Cells in gray demonstrate agreement between angiography and duplex ultrasound for category of percentage ICA stenosis.

^aNormal and < 50% stenosis by SRUCC coded as < 50% stenosis.

^b1st percentage listed in each cell is for the row category of percentage ICA stenosis by duplex.

^c2nd percentage shown in each cell is for the column category of percentage ICA stenosis by angiography.
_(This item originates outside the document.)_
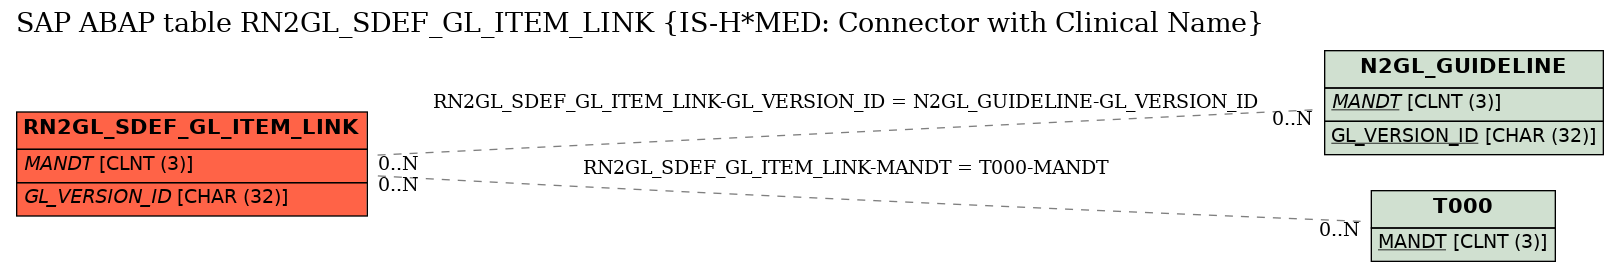 E-R Diagram for table RN2GL_SDEF_GL_ITEM_LINK (IS-H*MED: Connector with Clinical Name)

ICA, internal carotid artery; NASCET, North American Symptomatic Carotid Endarterectomy Trial; SRUCC, Society of Radiologists in Ultrasound Consensus Criteria.

ROC analysis

ROC analysis was performed for individual ultrasound parameters for classification of ICA stenosis as determined by angiography and AUC parameters (Table 3). AUC was high for all velocity parameters for classification of ICA stenosis < 50% vs ⩾ 50%, < 50% vs 50–69%, < 70% vs ⩾ 70%, and < 80% vs ⩾ 80% (all ⩾ 0.89). AUC was moderate (0.63–0.76) for all ultrasound parameters for classification of 50–69% vs ⩾ 70% and 50–69% vs 70–79% stenosis. AUC was poor for classification of 70–79% vs ⩾ 80% stenosis (AUC 0.50–0.59), likely related to the small number of ICA with ⩾ 80% stenosis by angiography. For classification of < 50% vs ⩾ 50% ICA stenosis, addition of the ICA/CCA PSV ratio to the model resulted in minimal improvement in AUC. For classification of < 70% vs ⩾ 70% ICA stenosis, addition of the ICA/CCA PSV radio, EDV, and the ICA/CCA PSV ratio plus EDV to the model had little impact on the AUC beyond PSV alone. There was no impact of presence of contralateral side near-total or total occlusion (n = 6) on AUC for classification of ⩾ 50% or ⩾ 70% ICA stenosis by angiography (online supplemental Table 4). Similarly, analysis stratified by patient sex, left and right ICA separately versus together, and hemispheric symptoms, as the study indication showed little effect on the AUC of ultrasound parameters for classification of ⩾ 50% or ⩾ 70% ICA stenosis by angiography aside from slightly higher AUC for ⩾ 50% vs < 50% and ⩾ 70% vs < 70% ICA stenosis for right versus left ICA sides as well as slightly higher AUC for ⩾ 70% vs < 70% ICA stenosis for female versus male patients and for hemispheric neurological symptoms (online supplemental Table 4).

Table 3.

Area under the curve for ROC analysis of duplex ultrasound velocity parameters for prediction of percentage ICA stenosis by catheter angiography (NASCET). ^a

	Angio < 50% vs ⩾ 50%	Angio < 50% vs 50–69%	Angio < 70% vs ⩾ 70%	Angio 50–69% vs 70–79%	Angio 50–69% vs ⩾ 70%	Angio < 80% vs ⩾ 80%	Angio 70–79% vs ⩾ 80%
Max ICA PSV	0.94	0.93	0.91	0.74	0.74	0.89	0.50
Max ICA EDV	0.93	0.91	0.91	0.71	0.74	0.92	0.55
ICA/CCA PSV ratio b	0.96	0.95	0.90	0.63	0.66	0.89	0.57
PSV + ratio	0.96	0.95	0.91	0.75	0.75	0.90	0.59
PSV + EDV	0.94	0.93	0.91	0.76	0.76	0.90	0.50
PSV + EDV + ratio	0.96	0.96	0.91	0.76	0.76	0.90	0.59

^an = 9 sides with near-total/total ICA occlusion excluded.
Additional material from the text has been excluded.